GDPR transparency obligations require data controllers to give individuals clear, complete and timely information about how their personal data is processed. The EDPB CEF 2026, the European Data Protection Board’s next coordinated enforcement action under its Coordinated Enforcement Framework, is expected to place these obligations at the centre of simultaneous investigations across EU member states. For public-sector bodies, regulated financial institutions, healthcare providers and legal organisations, the stakes are concrete: privacy notices, records of processing activities and impact assessments will all be reviewed against the full text of GDPR Articles 13 and 14.

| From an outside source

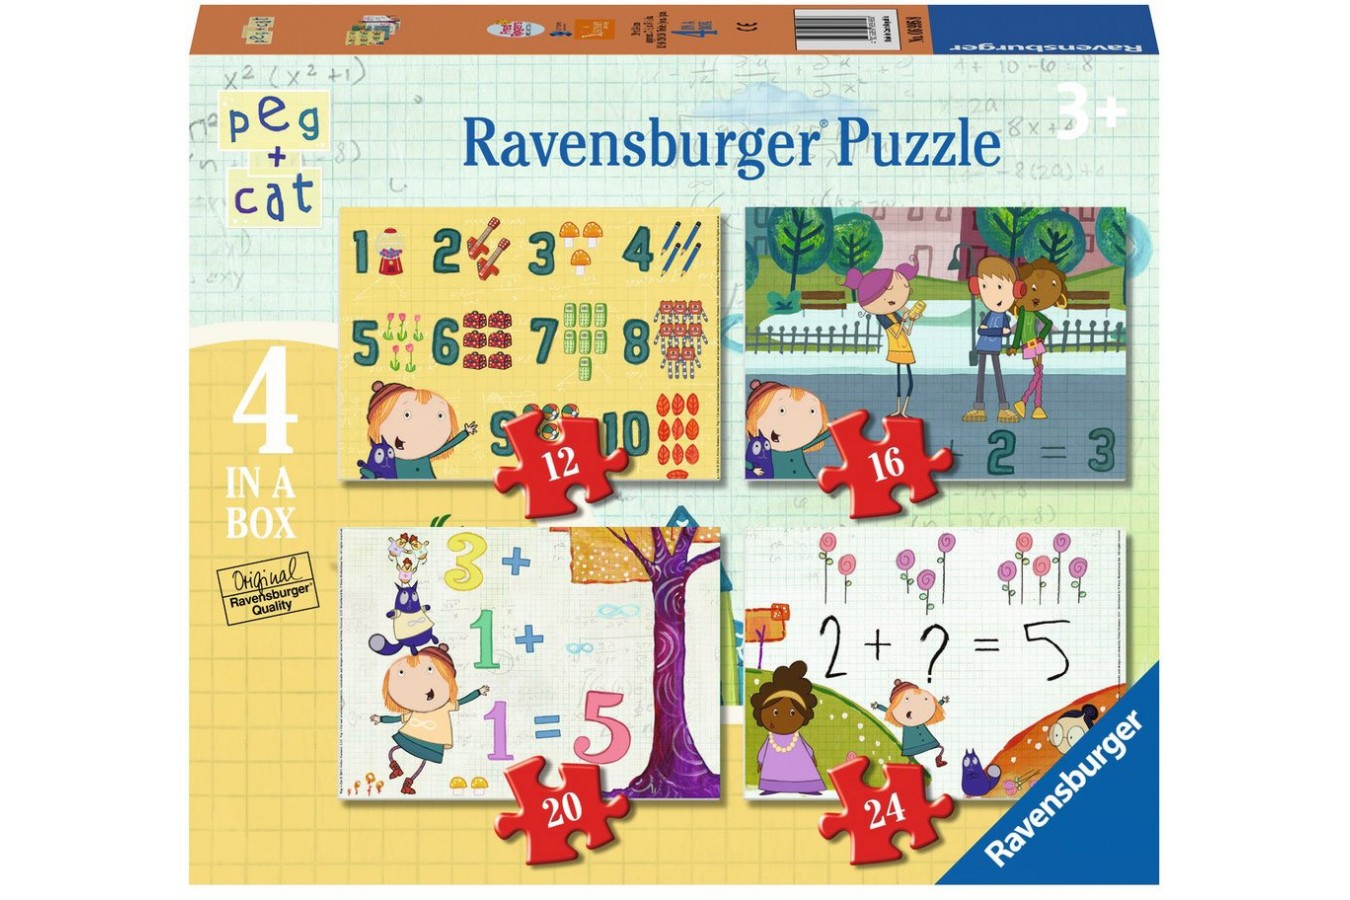 Puzzle Ravensburger - Peg + Cat, 12/16/20/24 piese (06995)

What the EDPB CEF 2026 Will Actually Scrutinise
The CEF mechanism coordinates national supervisory authorities so that a single theme is investigated simultaneously across many jurisdictions, producing comparable findings and raising the probability that any organisation operating in multiple member states faces review. The 2023 CEF on Data Protection Officers already demonstrated that the majority of investigated organisations were found non-compliant in at least one respect (EDPB CEF 2023 Report, 2023). CEF 2026 is expected to turn that same coordinated lens on transparency.

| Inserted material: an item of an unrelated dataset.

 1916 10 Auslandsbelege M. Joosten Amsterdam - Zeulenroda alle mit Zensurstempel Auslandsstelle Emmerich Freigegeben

Under GDPR Article 13, a controller collecting data directly from a data subject must provide, at the moment of collection: the identity and contact details of the controller and any DPO; the purposes and legal bases for processing; the legitimate interests relied upon where applicable; any recipients or categories of recipients; and details of any intended transfers to third countries together with the safeguards applied. GDPR Article 14 mirrors these requirements for data obtained indirectly, with an additional obligation to disclose the source of the data.
Supervisory authorities scrutinising these notices will look beyond the existence of a privacy policy to its operational accuracy. A notice that still lists Microsoft or Google as a processor after an organisation has migrated to a sovereign environment is as deficient as one that omits a processor entirely. Equally, a notice that describes transfers to the United States without identifying the mechanism used (Standard Contractual Clauses, an adequacy decision or Binding Corporate Rules) will draw enforcement attention.

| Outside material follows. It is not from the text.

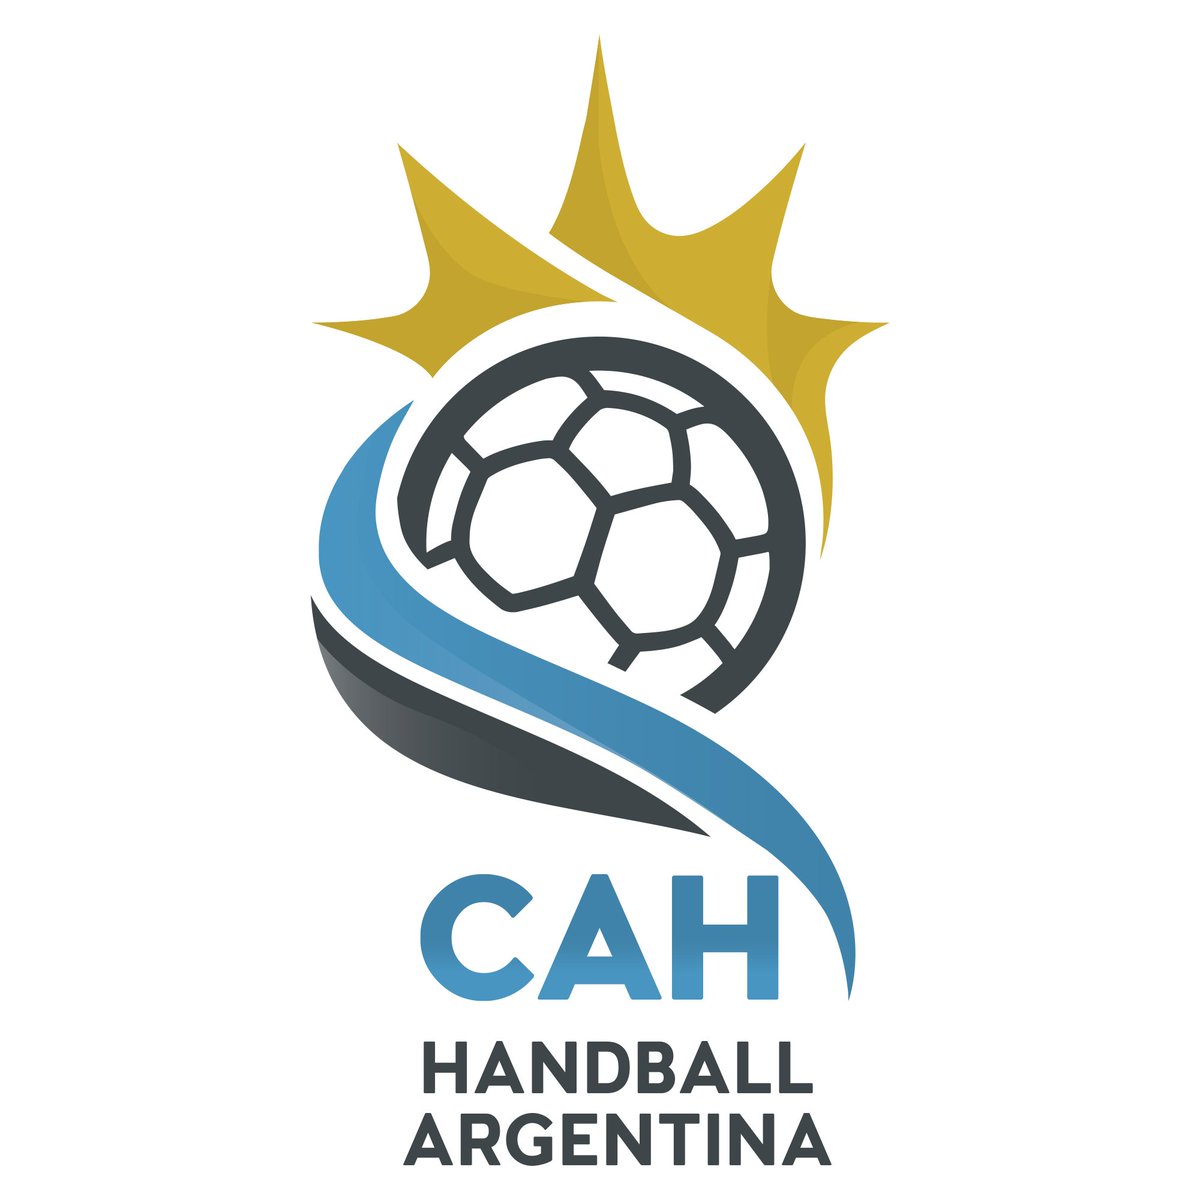 Sel. Argentina Handball 🇦🇷 on X: "Se aprobó por unanimidad ...

“Transparency is not a formality. It is the foundation on which data subjects exercise all their other rights, and supervisory authorities will treat opaque or incomplete privacy notices as a systemic failure, not a technical deficiency.” (European Data Protection Supervisor, EDPS Guidelines on Transparency, edps.europa.eu)
Restructuring Privacy Notices After a Sovereign Migration
Migrating from Microsoft 365 or Google Workspace to a sovereign Nextcloud environment changes at least three disclosable facts simultaneously: the identity of the data processor, the location of processing, and the applicable legal framework governing that location.
A well-structured post-migration privacy notice must reflect each change explicitly. The processor section should identify the new sovereign operator by full legal name and registered address, not a generic category such as “cloud hosting provider.” If the new environment is hosted in Switzerland under the revised Federal Act on Data Protection (revFADP, in force since 1 September 2023), the notice should state that Switzerland benefits from an EU adequacy decision (Commission Implementing Decision 2000/518/EC, still in effect) and that processing therefore occurs under a jurisdiction that does not expose data to US CLOUD Act or FISA 702 compelled-access requests.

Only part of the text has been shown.